Die Grünen finden, dass die Park-and-Ride-Busanbindung nicht attraktiv genug sei: „Es braucht deutliche Anreize für Autofahrer*innen, die Parkplätze am Stadtrand zu nutzen. Solange in der Innenstadt so viele preiswerte Parkplätze zur Verfügung stehen, wird dort nach einem Parkplatz gesucht.“ Sie schlagen zudem eine schnellere Busverbindung wie etwa eine Express-Buslinie mit den Haltestellen Jahnstadion/Dachauplatz/Unterer Wöhrd vor. Sie können sich vorstellen, dass so auch mehr Menschen die P+R Angebote annehmen würden.
„Wir sind keine Metropole!“, entgegnet Fuchshuber. Die Wege seien insgesamt zu kurz, um zwei- oder dreimal umzusteigen: „Für unsere Hotelgäste gilt: Der P+R am Jahnstadion liegt direkt an der Autobahn und ist unbewacht (Diebstahl) – bei Reisen hat man im Kofferraum meistens auch noch Gepäck. Hier lässt man sein Auto ungern über das Wochenende stehen. Zusätzlich ist er auf Grund der Jahnspiele nicht immer verfügbar.“
Was passiert, wenn die Verkehrswende geschafft ist und man die Parkplätze nicht mehr braucht?
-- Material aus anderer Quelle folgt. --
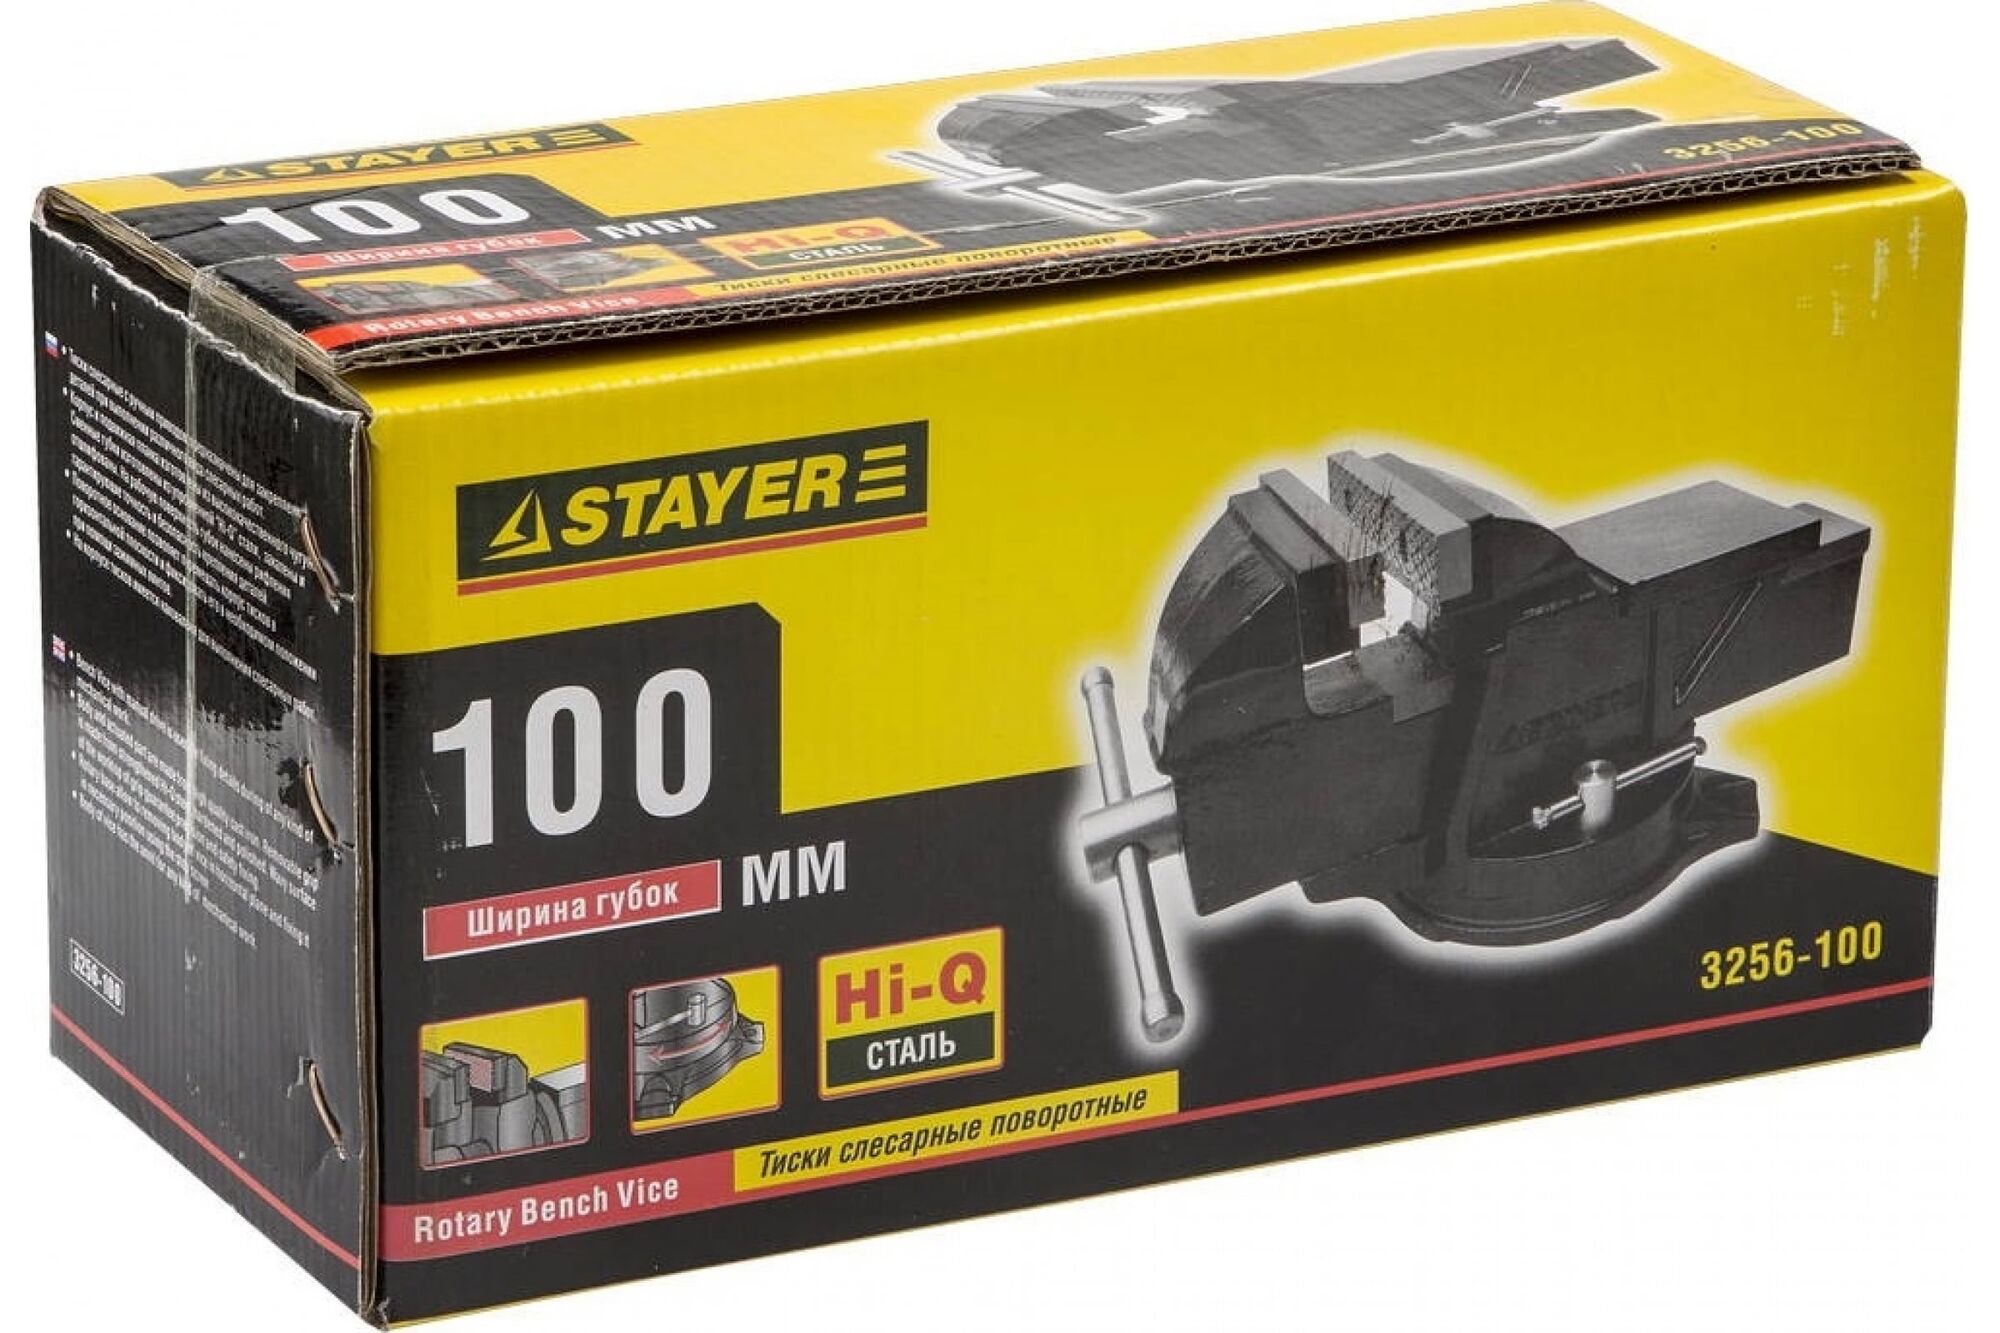 Слесарные тиски STAYER 100 мм 3256-100 2

Was geschieht eigentlich mit all den überschüssigen Parkmöglichkeiten, wenn die Verkehrswende geschafft ist? „Ich sage immer, wenn wir die Verkehrswende geschafft haben, alle Landkreisbewohner happy sind, weil der Bus im 5-Minuten-Takt kommt und keiner, der in die Stadt fährt noch ein Auto braucht, dann können wir Boccia-Bahnen, einen Park oder sonst etwas an den südlichen Teil der Mobilitätsdrehscheibe umsetzen“, stellt Flemmig überspitzt dar. Sie erläutert, dass die Mobilitätsdrehscheibe sehr anpassungsfähig sei. So könnte das Parkhaus etwa zu Anwohnerparkplätzen umgewandelt werden und die Parkplätze im Südbereich sukzessive rückgebaut werden. Somit könnte in der Zukunft tatsächlich ein begrünter Park mit Freizeitmöglichkeiten entstehen.
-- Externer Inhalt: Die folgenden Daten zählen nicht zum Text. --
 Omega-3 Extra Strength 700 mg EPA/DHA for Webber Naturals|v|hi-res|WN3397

Fuchshuber glaubt hingegen nicht an eine Verkehrswende in dem Sinne: „Alle Trendforschungen gehen in die gleiche Richtung: Die Straße bleibt attraktiv und der Verkehr wird mehr werden, darauf müssen wir uns einstellen. Die Menschen werden auf ihre Individualität, fahren zu können, wann sie wollen und wohin sie wollen, nicht verzichten“, denkt Fuchshuber. Das E-Auto werde ihrer Meinung nach irgendwann vom Wasserstoffantrieb ersetzt werden, aber ein Auto bleibe ein Auto und beanspruche seinen öffentlichen Raum.
Es bleibt spannend
Es scheint also nicht das Monster-Parkhaus zu werden, das viele befürchten. Tatsächlich klingt das Konzept der Mobilitätsdrehscheibe interessant und könnte – je nach Umsetzung – spannende neue Möglichkeiten bieten. Arbeitnehmende müssten nicht mehr extra früh aufstehen, um am Altstadtrand nach den letzten verbleibenden Parkplätzen zu suchen, was wiederum auch die Anwohner in dem jeweiligen Gebiet entlasten würde. Ob die Parkplätze am Unteren Wöhrd wirklich angenommen werden, hängt allerdings mit Sicherheit von einem ganz zentralen Punkt ab: den Parkgebühren. Diese stehen derzeit allerdings noch nicht fest. Das Stadtwerk.Regensburg und die Stadt Regensburg müssen noch eine Tarifinfrastruktur abbilden. Die Preise sollen sich dann zwischen Dauerparkern, Touristen beziehungsweise Hotelgästen und Arbeitnehmenden unterscheiden. So werde es laut Flemmig etwa einen günstigeren Tarif für Arbeitnehmerinnen und Arbeitnehmer geben: „Es wird versucht, einen Tarif anzubieten, den sich auch diejenigen leisten können, die kein überdurchschnittlich hohes Gehalt beziehen.“
Es bleibt also spannend, wie sich das Areal um das ehemalige Eisstadion entwickelt und wie es von den Parkenden letztendlich angenommen wird.